Я покачал головой и уронил толстый том на пол. С этажа ниже послышался крик и стук чего-то тяжелого, запущенного в потолок.

– «Гамлет» хотя бы короткий. Я выйду ненадолго. Сейчас вернусь.

Я оставил Пола хмуриться в раскрытую книгу, а Эрика – в пол и спустился по лестнице. В вестибюле какой-то придурок молотил по клавишам старого фортепиано. Даже я играю лучше. Я направился к черному ходу, чтобы спастись от шума. С тыльной стороны общежития был пристроен навес, опирающийся на массивные светлые колонны.

Лил дождь, холод был адский. Я вытянул рукава, пальцами собрав края в комок, чтобы не задувало, и долго смотрел на холмы. Дождь вымыл все цвета, заполнил низины туманом и опустил небо на землю. Простиравшийся передо мной пейзаж был древним, неизменным и болезненно прекрасным, и в ответ на эту боль мне хотелось взять в руки волынку.

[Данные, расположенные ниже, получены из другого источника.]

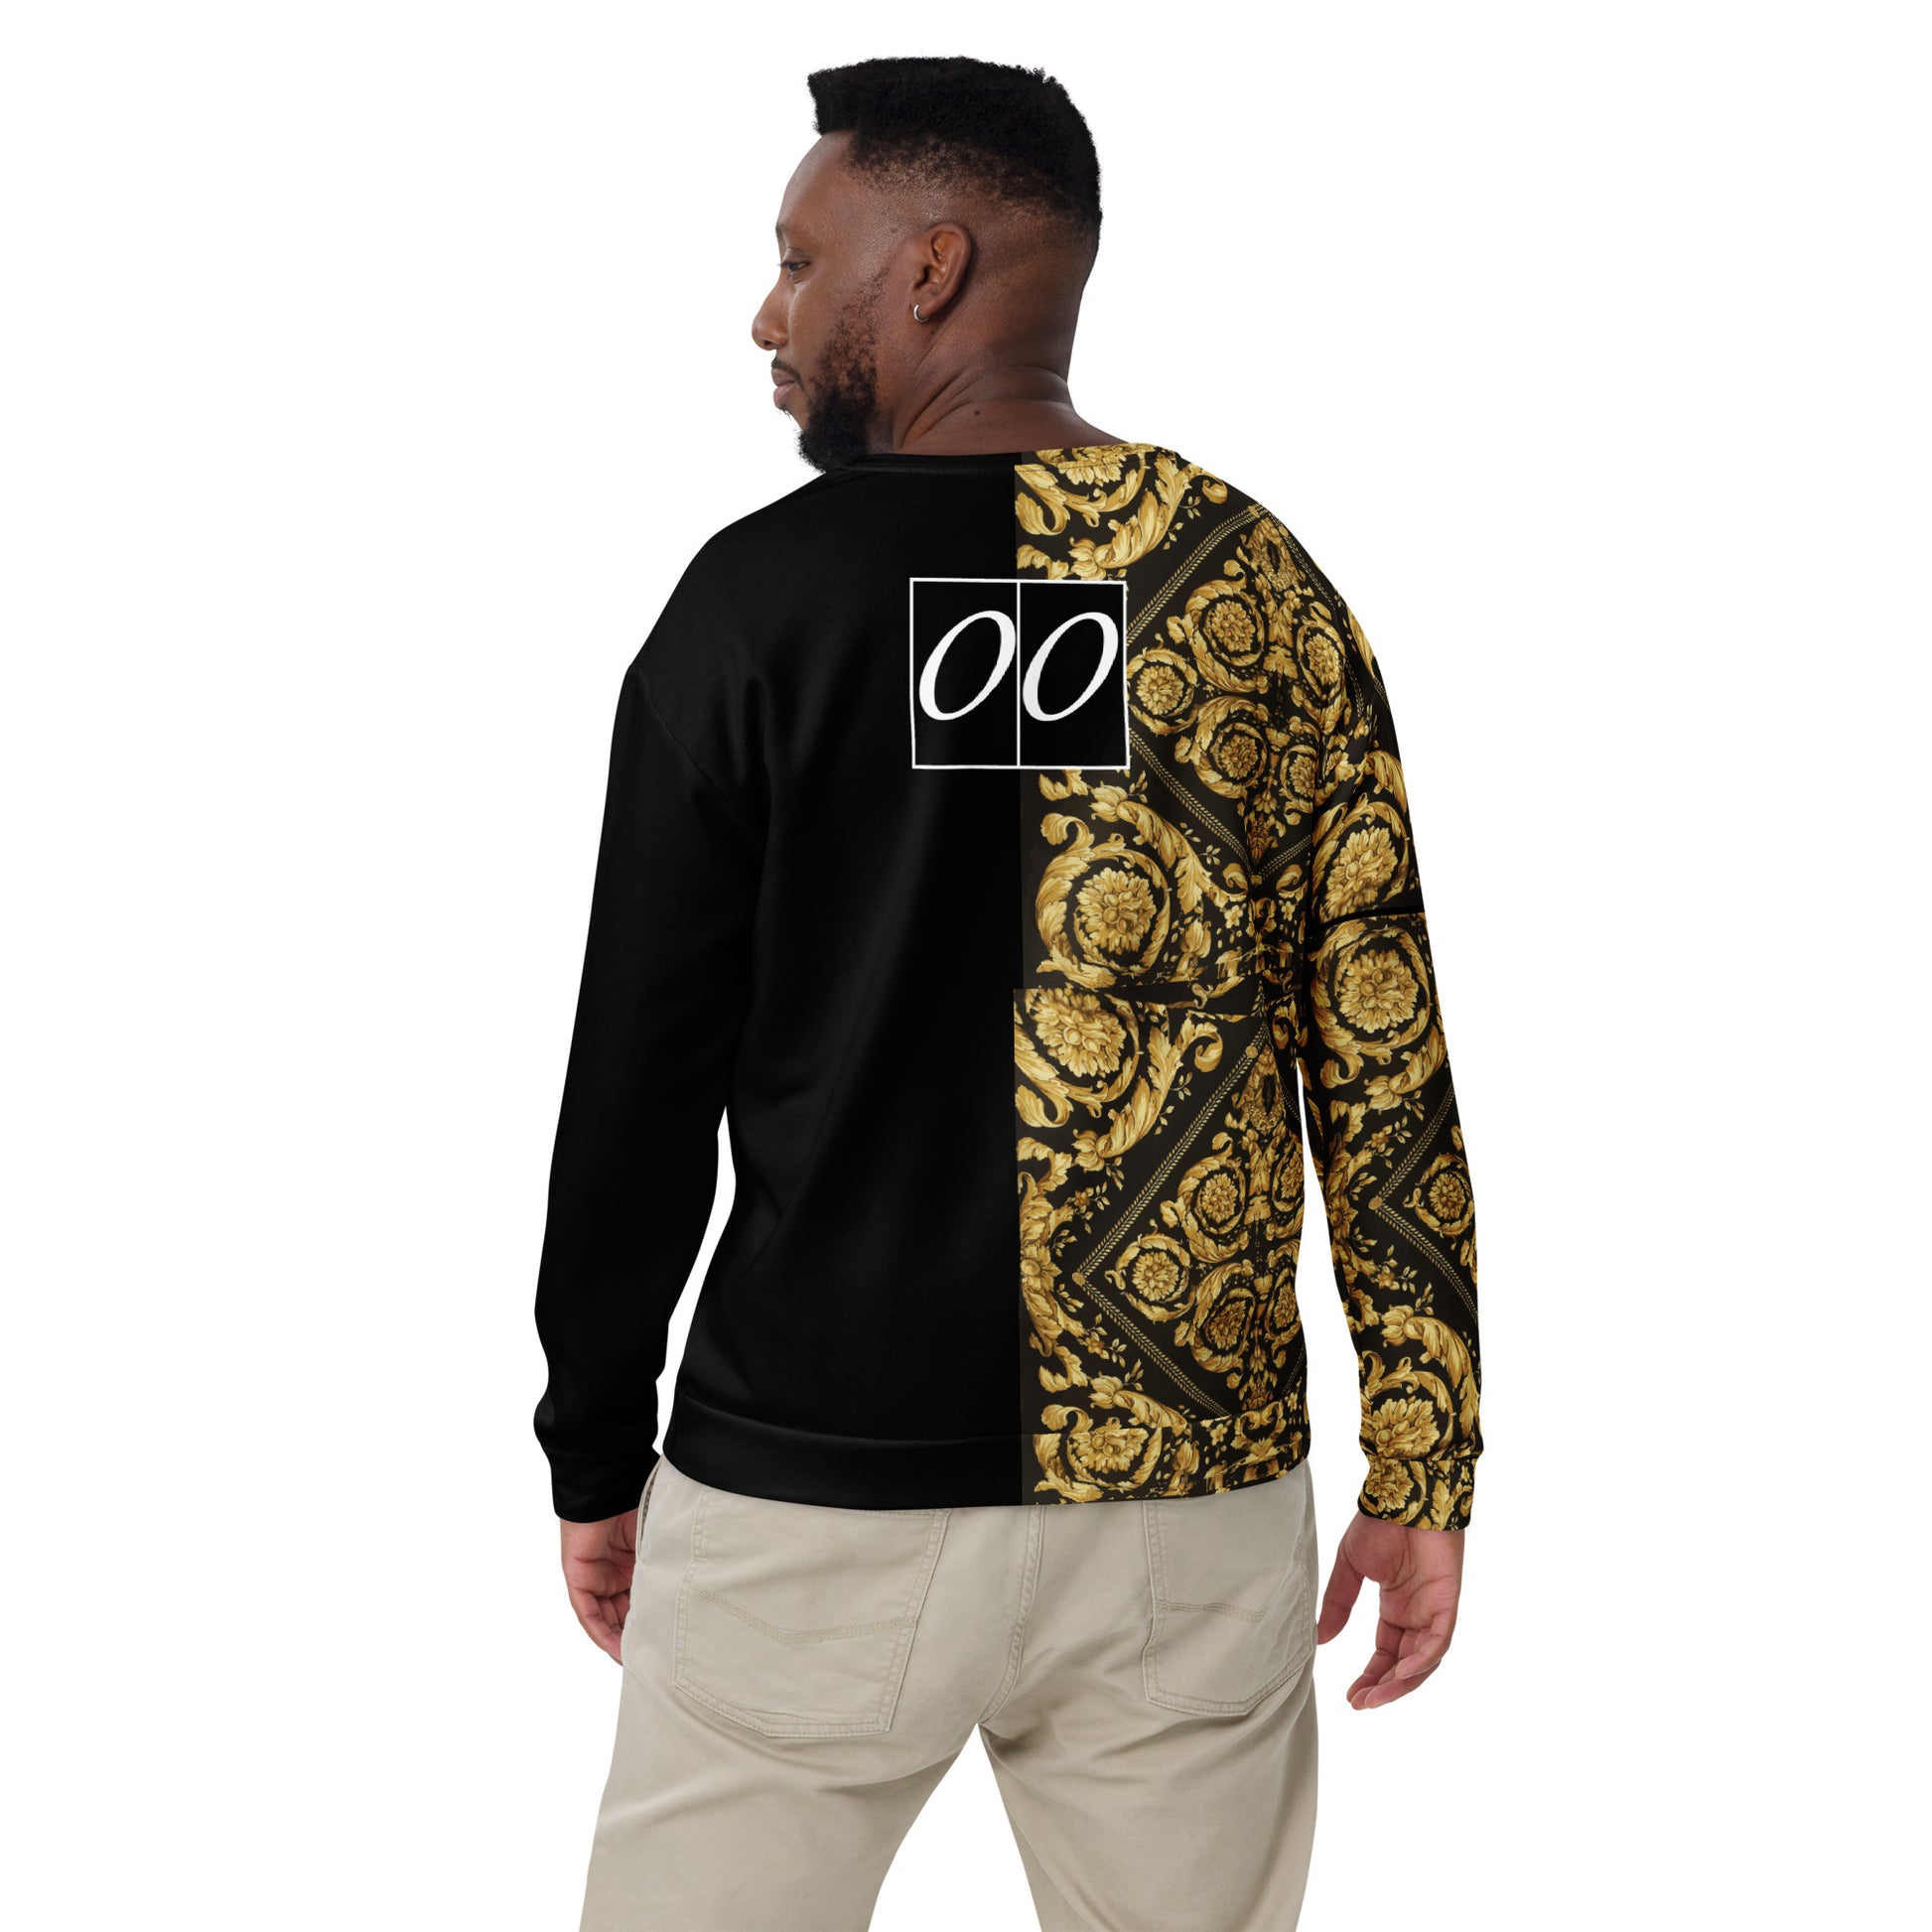 Real Life black and gold baroque team Unisex Sweatshirt - HipHatter

Любопытно, не наблюдает ли за мной Нуала, невидимая и опасная. Я искал в интернет-библиотеке информацию о более сильной защите от фей, чем железо, и записал несколько слов на руке у основания мизинца: терн, ясень, дуб, красный. Нужно выяснить, как выглядит этот дурацкий ясень, чтобы превратить слова в защиту.

Я пошел к краю навеса, куда меньше задувало… Черт. Два раза черт. Вот и побыл в одиночестве.

У стены общежития, обхватив себя руками, сидела маленькая темная фигурка. Я бы вернулся внутрь, но что-то в силуэте выдавало существо женского пола, а руки так закрывали спрятанное под капюшоном лицо, что было понятно: она плачет. Неожиданное зрелище в мужском общежитии.

Она не подняла головы на звук моих шагов, однако, подойдя поближе, я узнал обувь: поношенные черные ботинки «Док Мартенс». Я присел рядом и одним пальцем приподнял край капюшона. Ди взглянула на меня и опустила руку. Слез на лице не было, но красные глаза подтвердили, что она плакала.